DC’s live music is was the first part of the city that I really felt like I had any connection to at all. I saw the same people from concert to concert. There’s a sense of community at the 9:30 Club that’s rare in modern life. We’re at risk of losing that sense entirely, and we can’t afford to.

II. Immersion and distraction. Live performances are the last place on earth you will silence your phone and pay attention here and now.

III. As we’ve become all too aware of as, live events employee staff, crews, venues, and all sorts of business businesses. None of these people have jobs right now.

But all of those arguments assume this is an either-or case. They seem flawed. They seem to underestimate how badly we crave experiences in this disconnected reality.

It’s also not necessarily true that virtual events replace live events. Radio sold vinyl back when it played actual records. It was so effective there was a whole scandal about bribing the DJ’s. Burning CD’s, as much as it pissed off the record labels, likely increased sales for tickets and digital music.

What we need to consider is whether the live stream replaces real shows (a supplementary product) or makes you want to see them more (a complementary product). Given that these aren’t free, it can see be a net positive even if it’s a little of both.

Act 2. Have our cake and stream it too

The argument in favor is a lot simpler: reach.

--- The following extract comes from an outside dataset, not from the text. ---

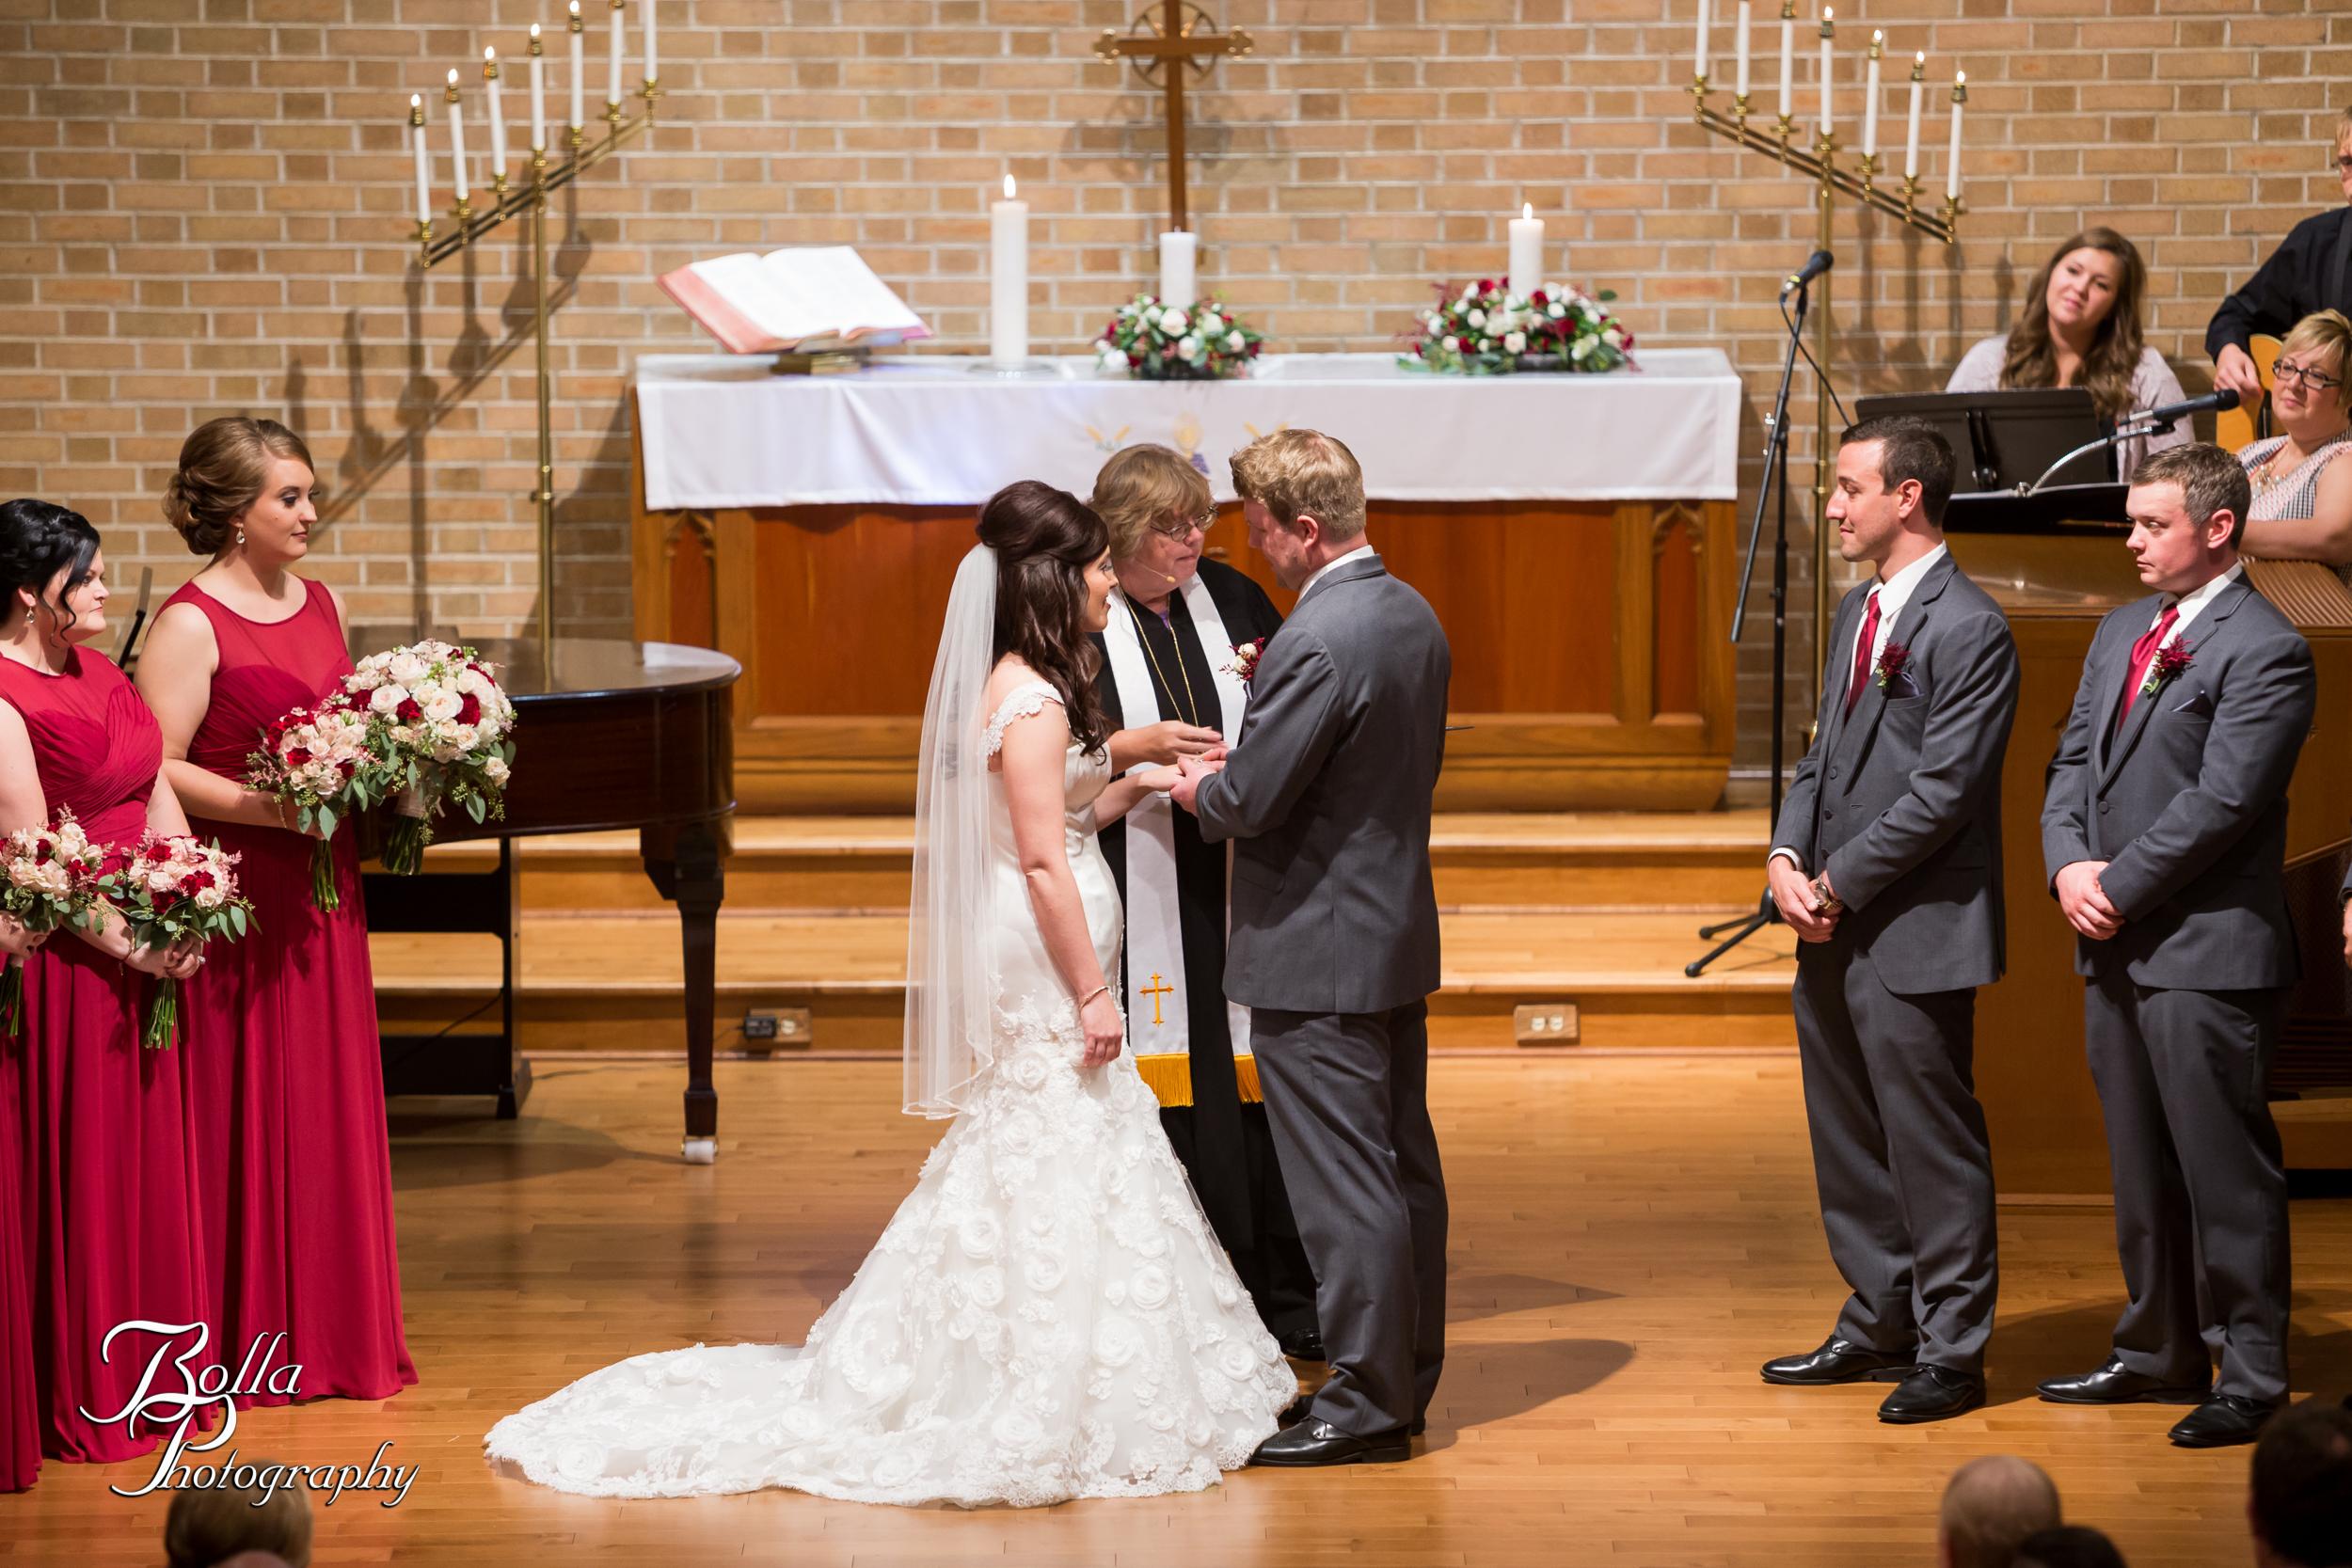 Bolla_photography_edwardsville_wedding_photographer_st_louis_weddings_Reilmann-0163.jpg
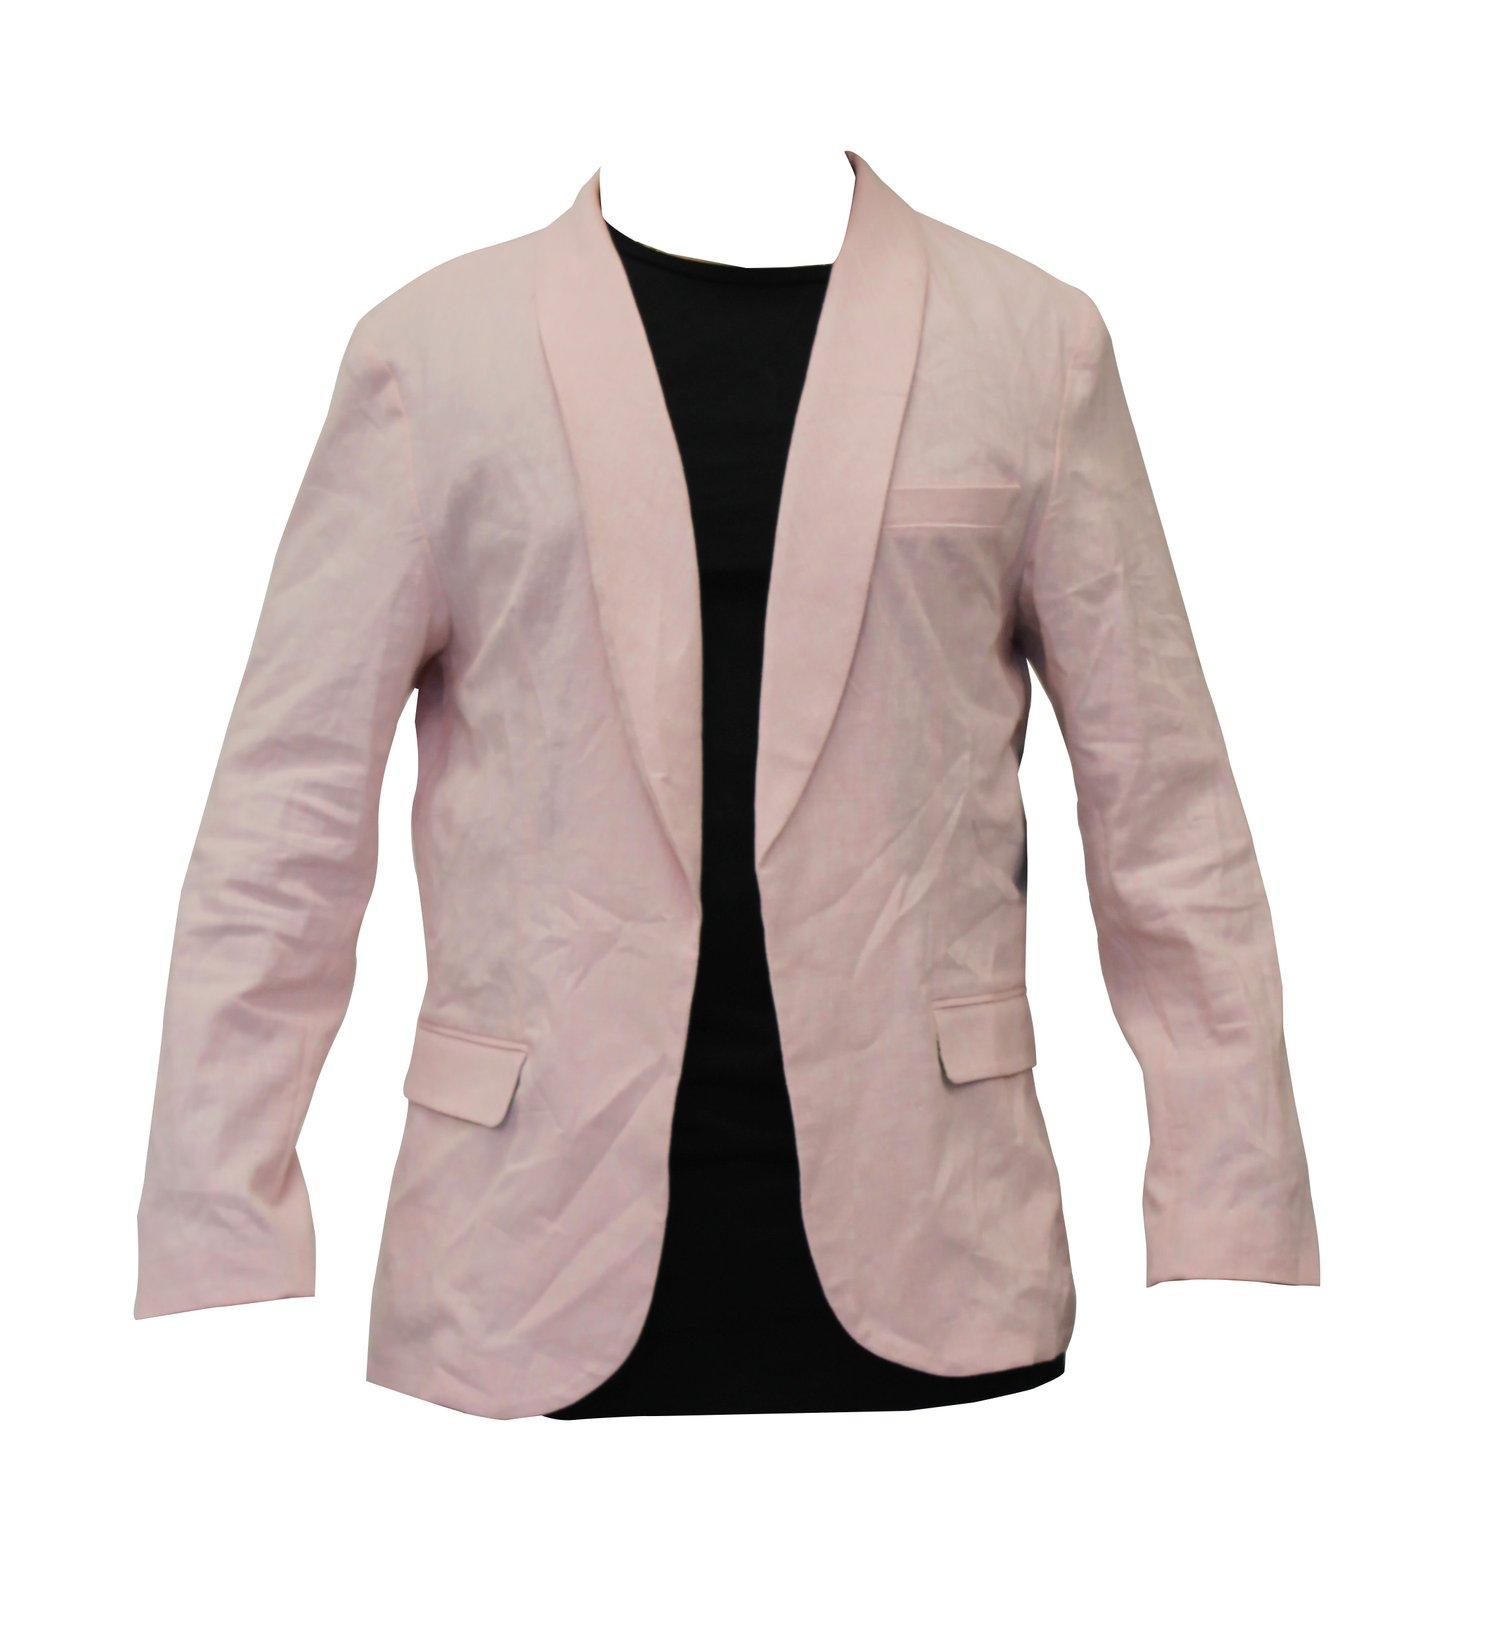 Image of Solid Pink Linen Blazer

Andrew Bird’s solo act in a guitar store, played to an “audience” of acoustic guitars wearing hats, doesn’t care where you watched it from.

If you live in a small town, this gives you access. Even a mid-sized city like Kansas City goes pretty low on the touring list. Livestreams put pieces of Broadway and Andrew Bird in North Dakota and remote islands.

It needs a strategy, of course. If you’re a band, you may want to play their albums in living rooms just before they come out or tickets go on sale. The superfans buy the live stream, the album, and the tickets. If you’re a theatre company, you could use streaming to drum up hype, or wait until after the tour to grant access to all the places you couldn’t go.

For really expensive tickets like Hamilton, streaming opens the show to people who don’t have the budget for it. For busy parents, it puts live performances on par with Netflix, without the cost or logistical commitment of a full night out.

And I think that’s the strongest case in favor: We spend so much time on screens, the demand for living-room entertainment is off the charts, and most of it has been filled with, well, 💩. I used to joke that after moving to two new cities in three years I’d reached the end of Netflix, but I don’t think that’s even unusual anymore. The golden age of TV ended at the season finale of The Americans, but our watching habits kept going like it hadn’t.

Standup comedy found a new home in streaming. Why not music? Why not a serialized play broken up like a television series? It’s not the same as being there but nothing is. We can win the battle for attention by tapping things we already have in a series of smaller streaming events.

I still have to ask, am I an idiot? Does all this lose its specialness when you do it too much? Aren’t we watching crappy old sitcoms for a reason? After all, I could easily get access to the whole Criterion Collection, or rent my way through 1001 Movies You Must See Before You Die and that’s not what I’ve been watching.

I wrote this as a debate because I have no idea.1 But with very little else to do, it sounds like it’d be interesting to try.